Member of the Minnesota House of Representatives from the 39B district
- In office 1973–1980

Personal details
- Born: April 22, 1928 Jetmore, Kansas, U.S.
- Died: May 27, 2022 (aged 94) Chaska, Minnesota, U.S.
- Party: Independent Republican
- Spouse: A. Gene Crenshaw
- Children: 2
- Alma mater: University of Kansas
- Occupation: Politician

= Ray Pleasant =

American politician (1928–2022)

Ray O'Jean Pleasant (April 22, 1928 – May 27, 2022) was an American politician in the state of Minnesota.

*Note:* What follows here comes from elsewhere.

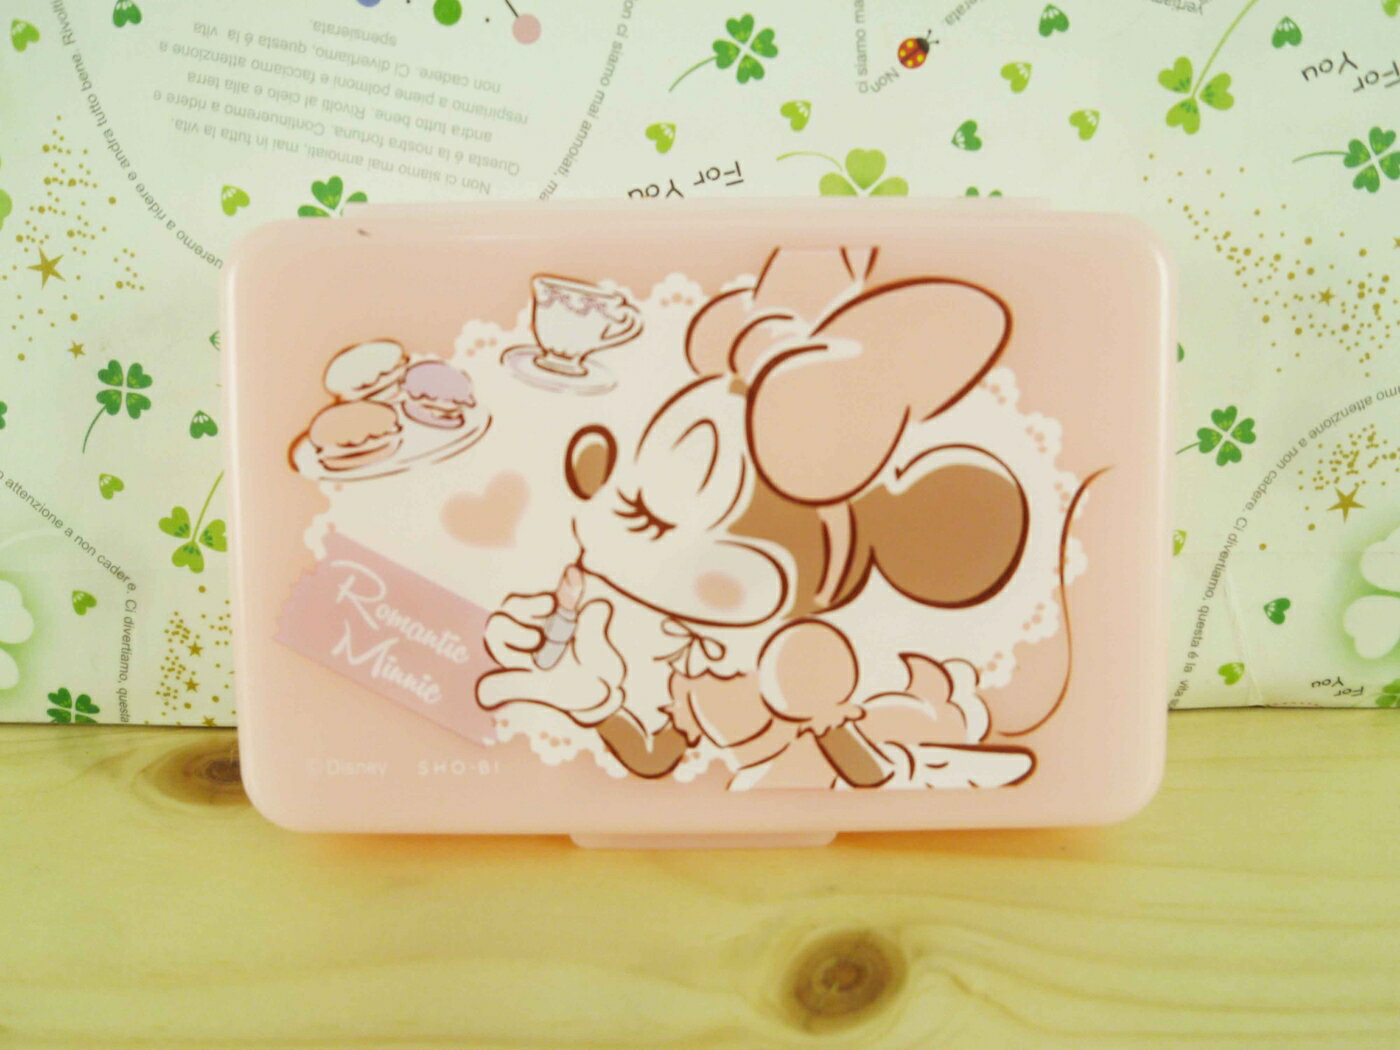 【震撼精品百貨】Micky Mouse 米奇/米妮 6格盒-粉米妮 震撼日式精品百貨

== Early life and career ==
Pleasant was born in Jetmore, Kansas. He served in the United States Army during the Korean War as an army engineer and received his bachelor's degree in electrical engineering from the University of Kansas in 1951. Pleasant worked for Remington Rand and was sent to Minneapolis, Minnesota. He then lived in Bloomington, Minnesota with his wife and family and served on the Bloomington City Council from 1970 to 1973. Pleasant then served in the Minnesota House of Representatives from 1973 to 1980 as an Independent Republican member, representing district 39B. He was the second African-American to be elected to the Minnesota House of Representatives, and the first since the election of John Francis Wheaton in 1899.

Pleasant's wife A. Gene Crenshaw served for a time on the judicial selection board of the governor of Minnesota.